Sunday, June 19, 2011

Natalie Young



"The West Room"

"Weeping Silo"

"Stasis"

"Georgia & Sabine, #30"

"Georgia & Sabine, #31"

Georgia & Sabine, #19"

Georgia & Sabine, #34"

"Mosaic"

"Small World"

"Gridlock"


Natalie Young Biography from her web site:

Natalie is an award-winning photographer based in Los Angeles. She was nominated for the 2010 Baum Award for Emerging American Photographers and was a winner in PhotoLucida’s 2008 Critical Mass competition.  Her work has been published in Lenswork, SHOTS, and  Black & White Photography.  Recent exhibitions include Lightspace Gallery in North Carolina, Newspace Center of Photography in Oregon, as well as international exhibitions in  China and Lithuania.   Natalie’s work is in the collection of Museum of Fine Arts Houston, as well as private collections around the country.  Her first published monograph, Georgia & Sabine, was released in 2009.

Originally from the South, Natalie relocated to the west coast in 2000.  She now lives in Manhattan Beach, CA with her miniature dachshund, Georgia, and plays a lot of beach volleyball.

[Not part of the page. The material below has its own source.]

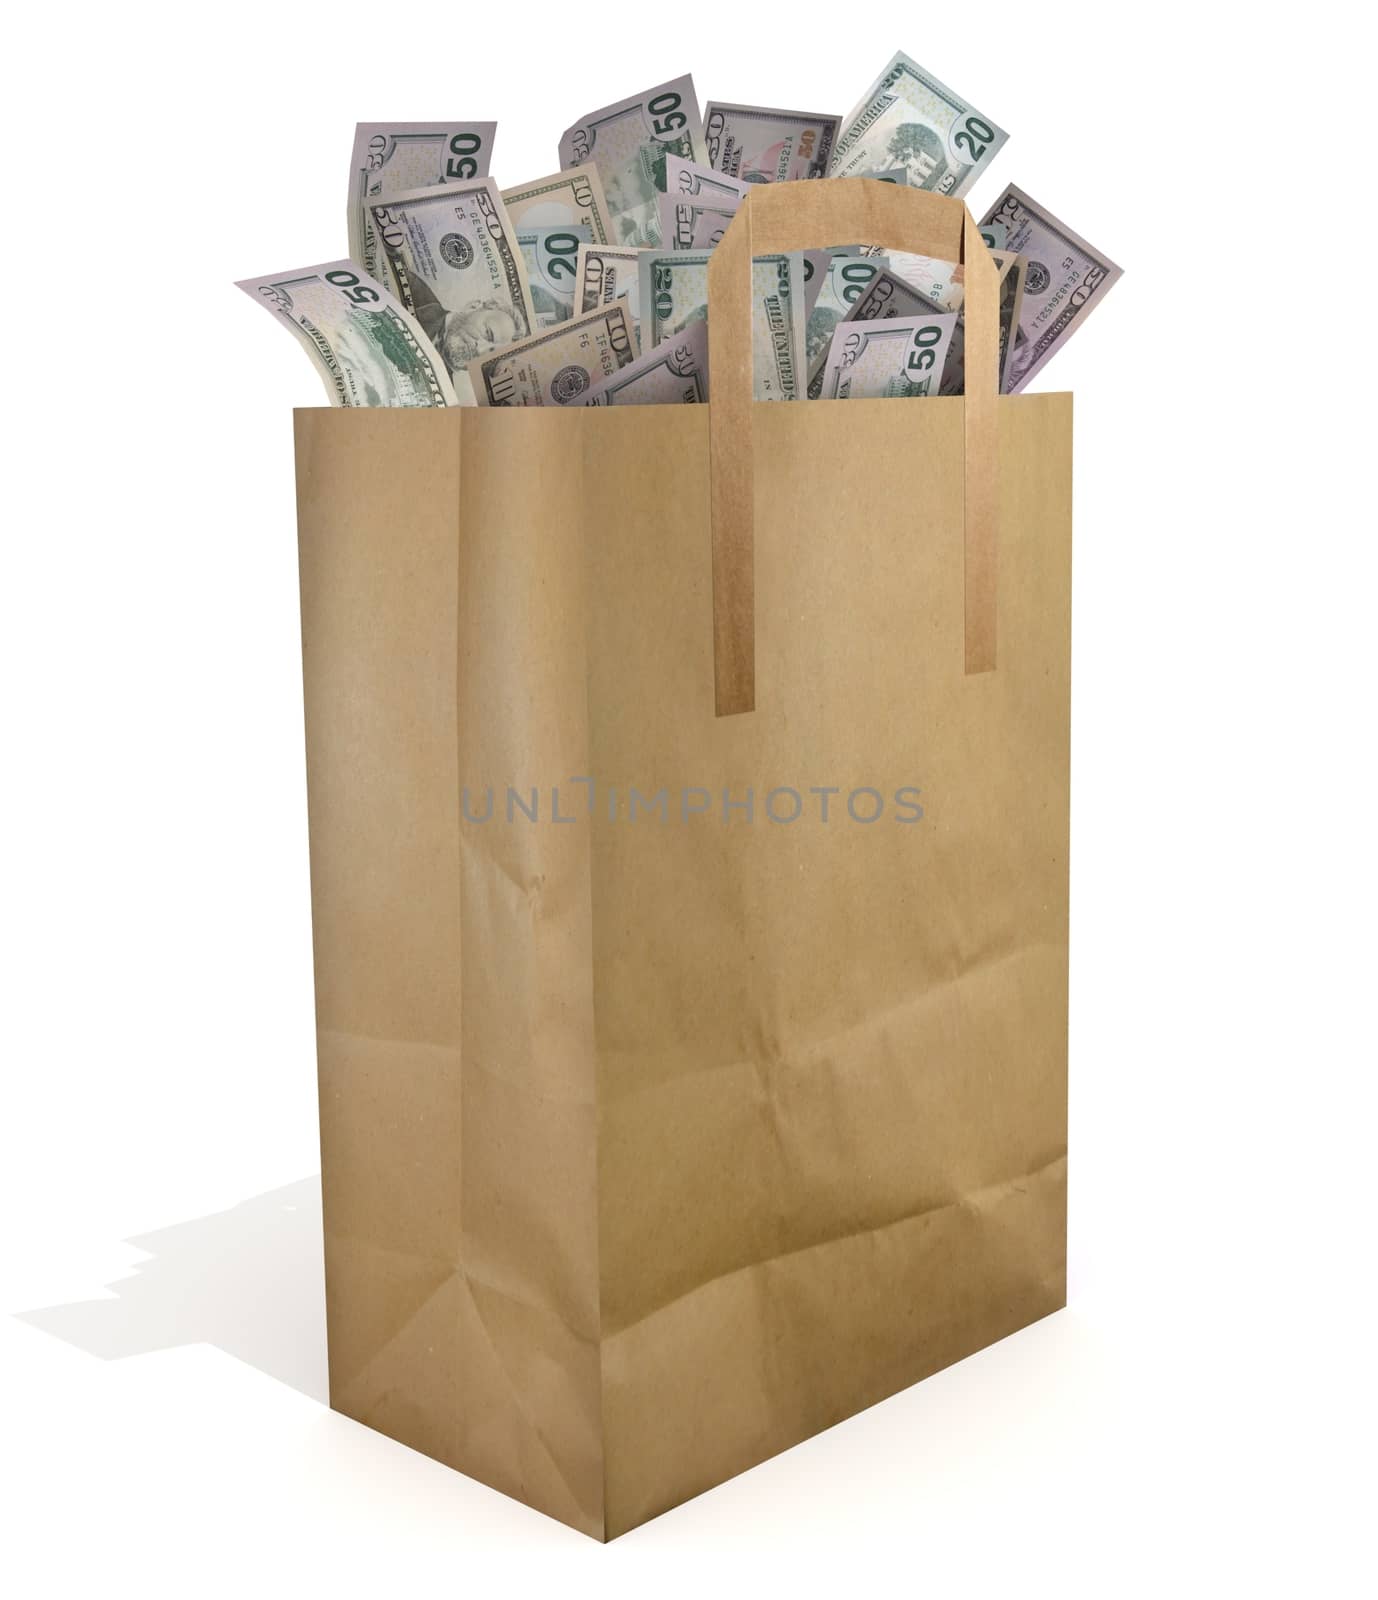 Illustration of a paper bag full of money

Natalie is represented by Kevin Longino Fine Photographs (see link above).


Artist's Statements:

The Farm:

My photographs frequently explore the connection of the past to the present, and the relationship of people to their environment.  Personal identity and cultural history are often attached to a sense of place, and this can have a strong influence over the texture and stories of our life.  I am very interested in the experience of family and cultural history ... the need for a story that ties us to a larger meaning, and the extent to which we either inherit larger stories or attempt to create newer ones.
 
‘The Farm’ series was photographed in Kansas over the past decade, on the family farm.  The land has been in the family for many generations and much of the family's roots, identity, and stories are tied to this particular plot of earth.  This project is about place and history, about memory and story.  It's about the things that tie us together, and the things that bring us back.

Georgia & Sabine:

Georgia and Sabine are my two girls, miniature dachshunds, who I've been photographing for years.  Each image is a quiet moment on an ordinary day, just like a thousand other moments taken for granted. My relationship with them has always been very up-close and personal, as are my photographs. Taken at eye level in a domestic environment, the portraits have an intimacy that takes the viewer closer to the thin line that separates we human animals from our pets. There is a sense of waiting and anticipation in these photographs that is unique to the routine life of a domesticated pet. Yet I think this feeling of expectation often resonates with the viewer as part of the human experience, where much of our life is spent in ordinary activities with the anticipation of something bigger or more exciting around the corner.  These somewhat unremarkable moments string together to create a life, and it is often in their midst where we find beauty, joy, and peace.

Elements:

I am equally comfortable immersed in an urban environment or in the natural world, and perhaps this is the reason for my attraction to the contest between the man-made and the organic, particularly where one seems to be holding the upper hand.  Urban development and nature are in constant negotiation, and we are witness to their many small dramas going on around us all the time. There is an aching beauty that hangs in the balance of the moment, and always hints at what just was, or what soon will be.